Mon Jul 7 23:03:26 EST 2003

>>>>> "Matt" == Matt Goodall <matt at pollenation.net> writes:

Matt> In some cases I would like to have a _random_ app page process a
Matt> request where the request parameters are appended to the URL in
Matt> a path-like manner. For instance, I might have an Alabtross page
Matt> that display a book's details. The conventional way to achieve
Matt> it is to use the following url:

Matt>     /app.py/book?id=123

Matt> What I would rather use is a URL with 123 as the last part of
Matt> the path:

Matt>     /app.py/book/123

Matt> In both cases the book module would process the request.

Matt> The only way I can think of is to use some fairly complex
Matt> mod_rewrite rules (which I prefer to avoid whenever possible)
Matt> which turns book/123 into book?id=123. Does anyone have any
Matt> better idea?

Matt> The reason for all this? It produces search engine friendly
Matt> URLs. Some search engines still crawl pages with request
Matt> parameters.

Matt> A great section for the Wiki would be integrating Albatross with
Matt> Apache and possible IIS if anyone uses it.
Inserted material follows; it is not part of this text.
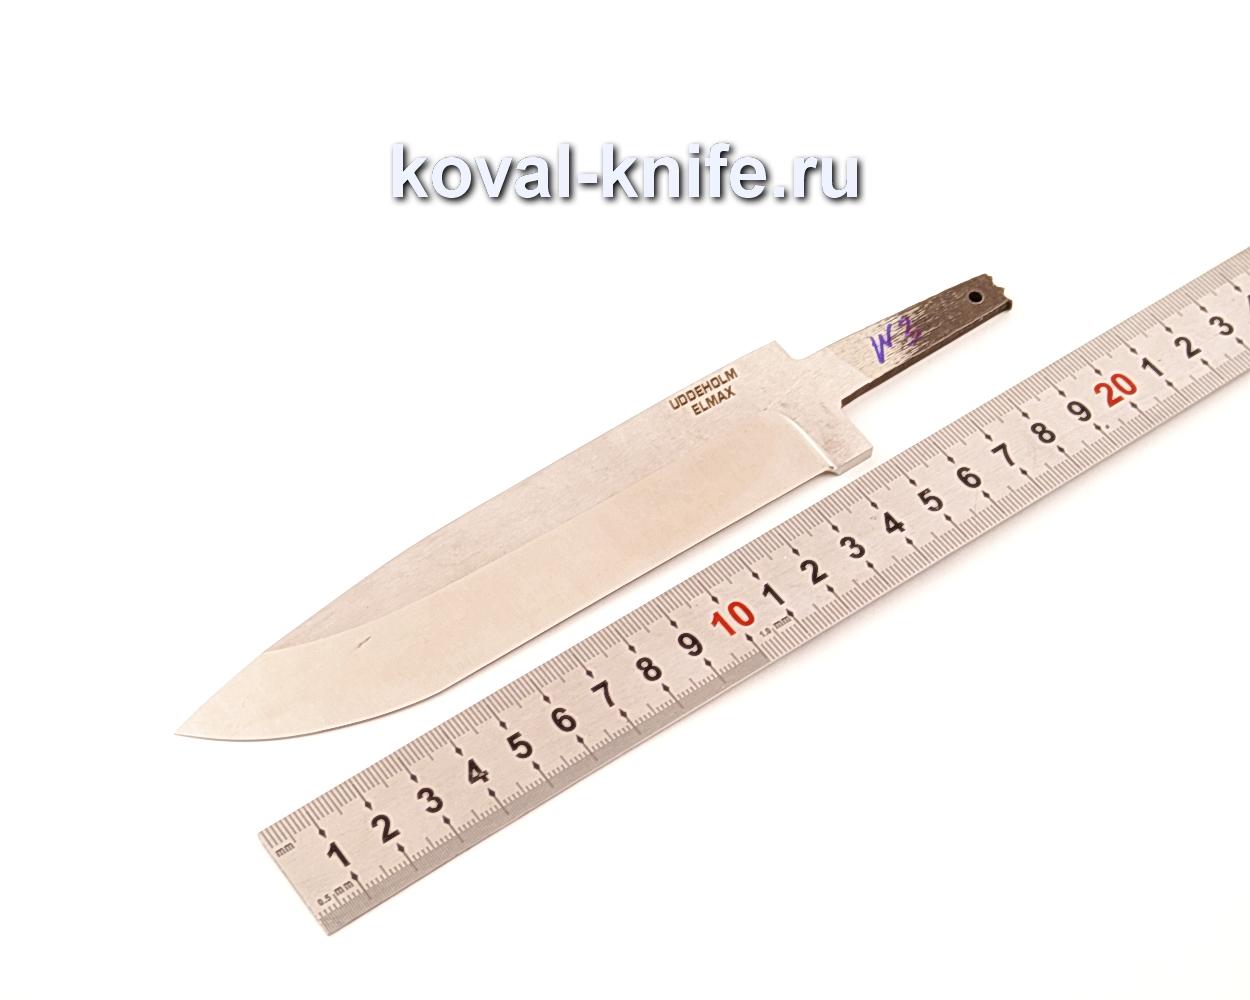 Клинок для ножа из порошковой стали Elmax N3
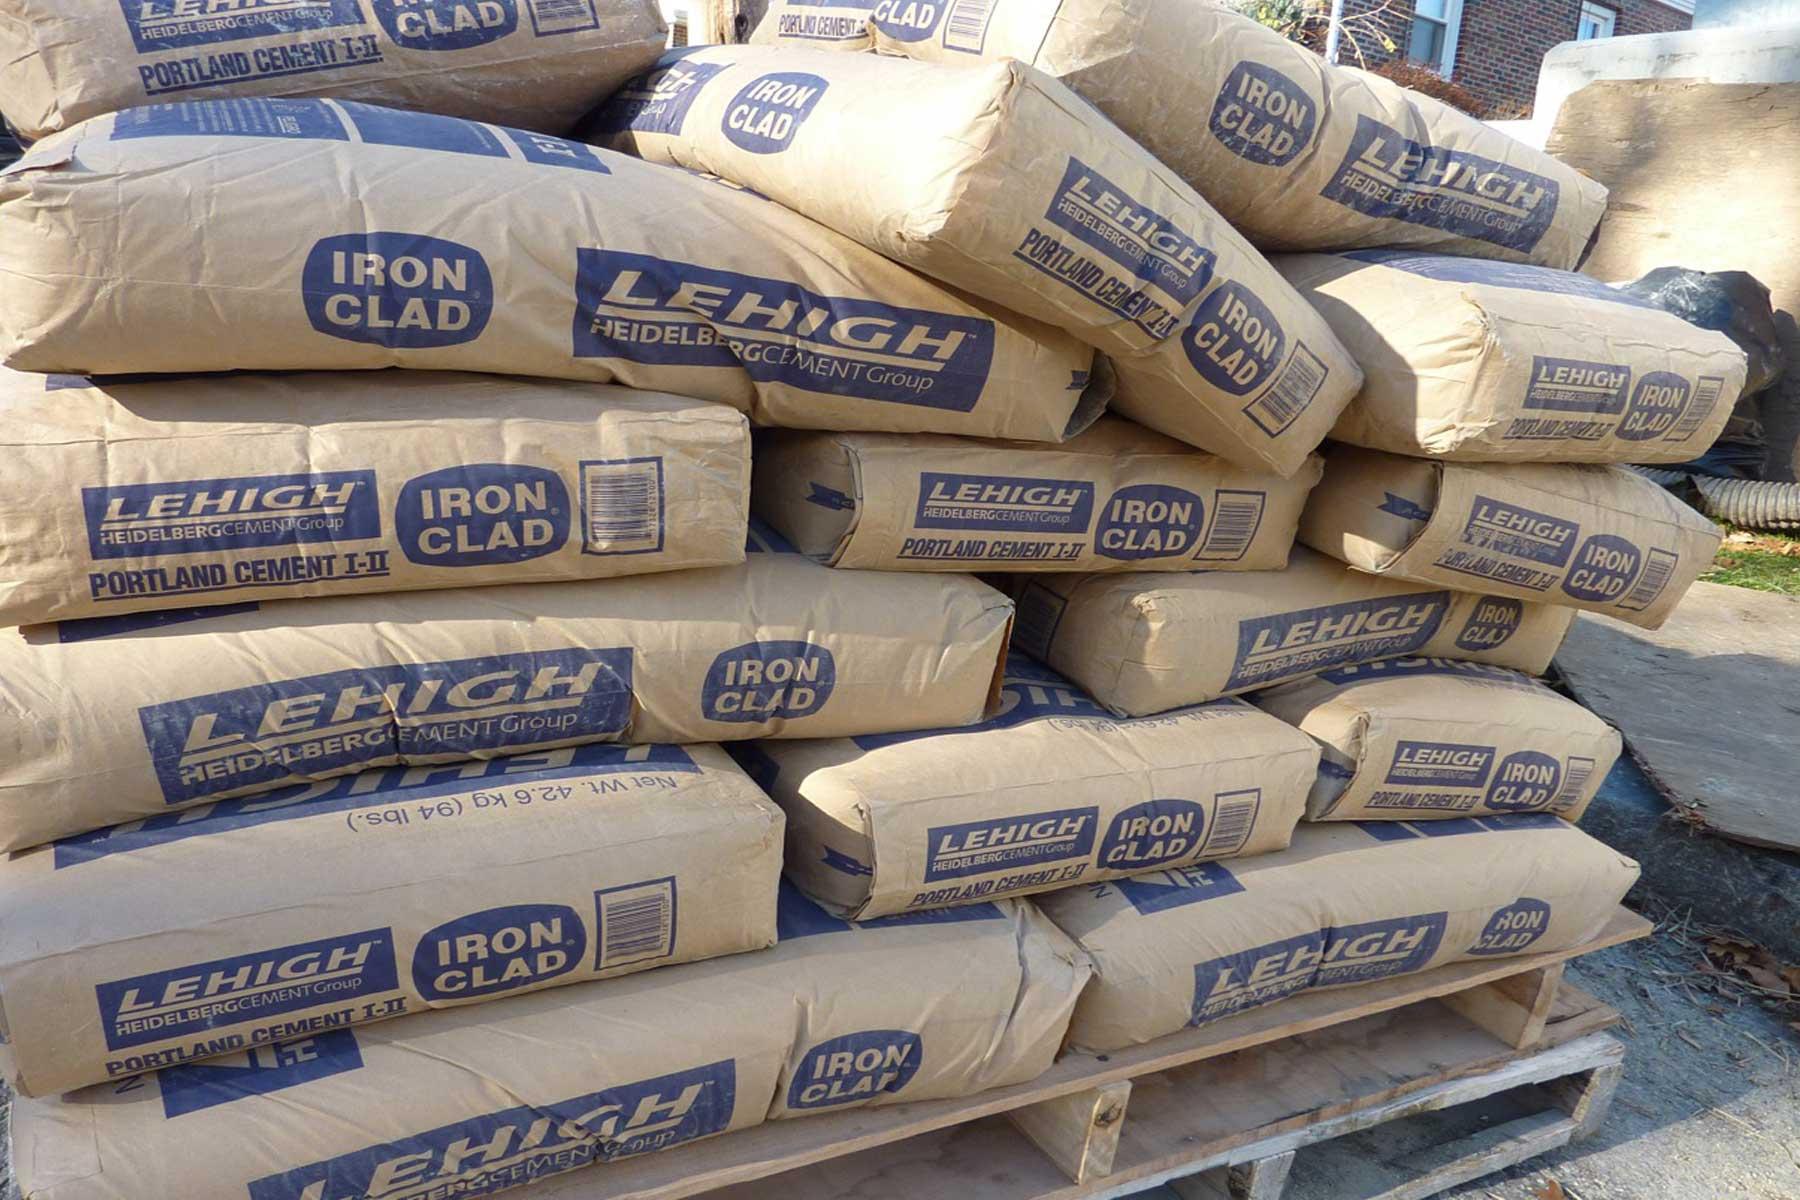 استقبال سرمایه گذاران از اوراق سلف موازی استاندارد سیمانی ها در بورس کالا

I'll add that to the
Matt> list.

An approach that might make sense is to bounce the URL up to the
application so it can assist in cracking it.  If you look at the
Application.run() method it is the load_page() method that you should
override:

    def run(self, req):
        '''Process a single browser request
        '''
        ctx = None
        try:
            ctx = self.create_context()
            ctx.set_request(req)
            self.load_session(ctx)
            self.load_page(ctx)
            if self.validate_request(ctx):
                self.merge_request(ctx)
                self.process_request(ctx)
            self.display_response(ctx)
            self.save_session(ctx)
            ctx.flush_content()
        except Redirect, e:
            self.save_session(ctx)
            return req.redirect(e.loc)
        except:
            self.handle_exception(ctx, req)
        return req.status()

This is how the current RandomPageModuleMixin class works.  It
provides a load_page() method that pulls apart the URL to locate a
page module.

You might even be able to bend the RandomPageModuleMixin.load_page()
to suit your needs.

Current RandomPageModuleMixin.load_page() method:

    def load_page(self, ctx):
        # Get page name from request URI
        uri = ctx.request.get_uri()
        page = ''
        try:
            base_path = urlparse.urlparse(self.base_url())[2]
            uri_path = urlparse.urlparse(uri)[2]
            page = uri_path.split(base_path, 1)[1]
        except IndexError:
            pass
        if not page:
            ctx.redirect(self.start_page())
        # [snip]

New method(s):

    def load_page(self, ctx):
        # Get page name from request URI
        uri = ctx.request.get_uri()
        page = self.get_page_from_uri(ctx, uri)
        if not page:
            ctx.redirect(self.start_page())
        # [snip]

    def get_page_from_uri(self, ctx, uri):
        try:
            base_path = urlparse.urlparse(self.base_url())[2]
            uri_path = urlparse.urlparse(uri)[2]
            return uri_path.split(base_path, 1)[1]
        except IndexError:
            return None

Then in your application you are free to implement any kind of URI
splitting you like by overriding get_page_from_uri().  All you have to
do is return something that the load_page_module() method (in
PageModuleMixin) can use to load a page module.

Does any of that make sense?

- Dave

-- 
http://www.object-craft.com.au